The Massachusetts Humane Society life-saving station on Third Cliff acknowledged her flare and sent its lifeboat out to the ship. But Devonian showed no sign of breaking up, and the passengers and crew chose to remain aboard. Devonian had grounded at almost high tide, so no attempt to refloat her could be made for several hours. The tugs Confidence, Juno, and Pallas were sent from Boston, but were unable to get close enough to assist. The cutter arrived shortly after 12:00 hrs, but was not able to get close enough either.

The tug Patience, registered in Philadelphia, and owned by the Tice Towing Co of New York, succeeded in getting a line aboard Devonian. At 15:32 hrs, the ship, aided by Patience, refloated herself, and at about 18:00 hrs reached Boston's quarantine station under her own power. She was expected to dock in Boston at 08:00 hrs the next morning. On 17 February, Patiences owner, Walter J Tice of Hackensack, New Jersey, filed a libel at the United States District Court for the District of Massachusetts in Boston against Devonian for her salvage. Tice did not mention a sum, but Patiences Captain suggested it should be about $20,000.

==Two fires in Boston==
On 11 March 1907, Devonian was at the White Star Line docks in Charlestown, Boston, when fire broke out on the steerage deck in her number 4 hold. It started in six car-loads of baled hay that she had loaded to use as cattle fodder for her voyage to Liverpool. The fire destroyed the hay, and ruined 20,000 bushels of corn. A fire hose burst on deck, and the water damaged machinery and Egyptian cotton from Liverpool that Devonian was unloading. One firefighter was injured when the hose burst, and a Fire Department lieutenant was overcome by smoke. The total damage to cargo was estimated at $50,000. However, the ship was expected to leave Boston on schedule in 14 March.

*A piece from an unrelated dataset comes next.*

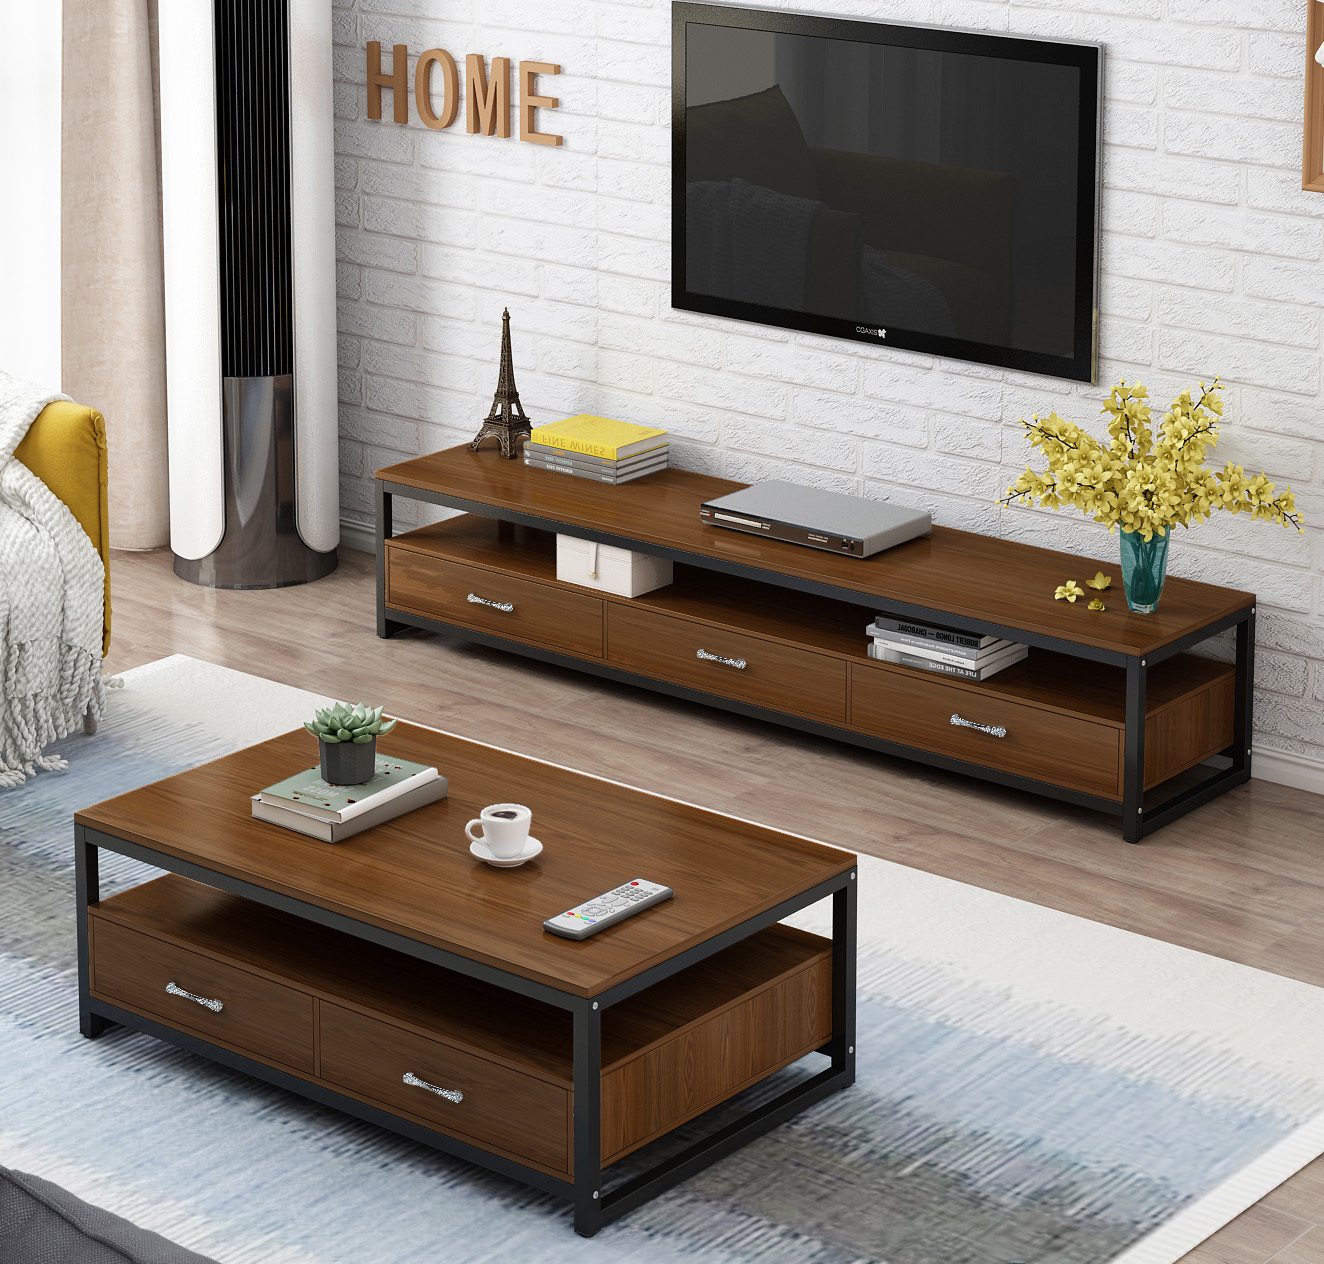 2-Piece Set Athena Coffee Table & TV Cabinet with Drawers (Walnut)

On 8 July 1908, Devonian was in port in East Boston, and part-way through loading her cargo at the Leyland Line pier, when fire broke out on one of the Boston and Albany Railroad's piers nearby. It started in a warehouse whose contents included wool, Egyptian cotton, grease, and oil. Fanned by a northerly wind, within half an hour it destroyed four 800 ft piers, three warehouses, a grain elevator, and many loaded railroad freight cars. The damage was estimated at $1.5 million. The elevator and two of the piers belonged to the B&A Railroad. The Leyland Line pier was also destroyed. The fire came close to the slipways of the Boston, Revere Beach and Lynn Railroad, which suspended its ferry services for two and a half hours.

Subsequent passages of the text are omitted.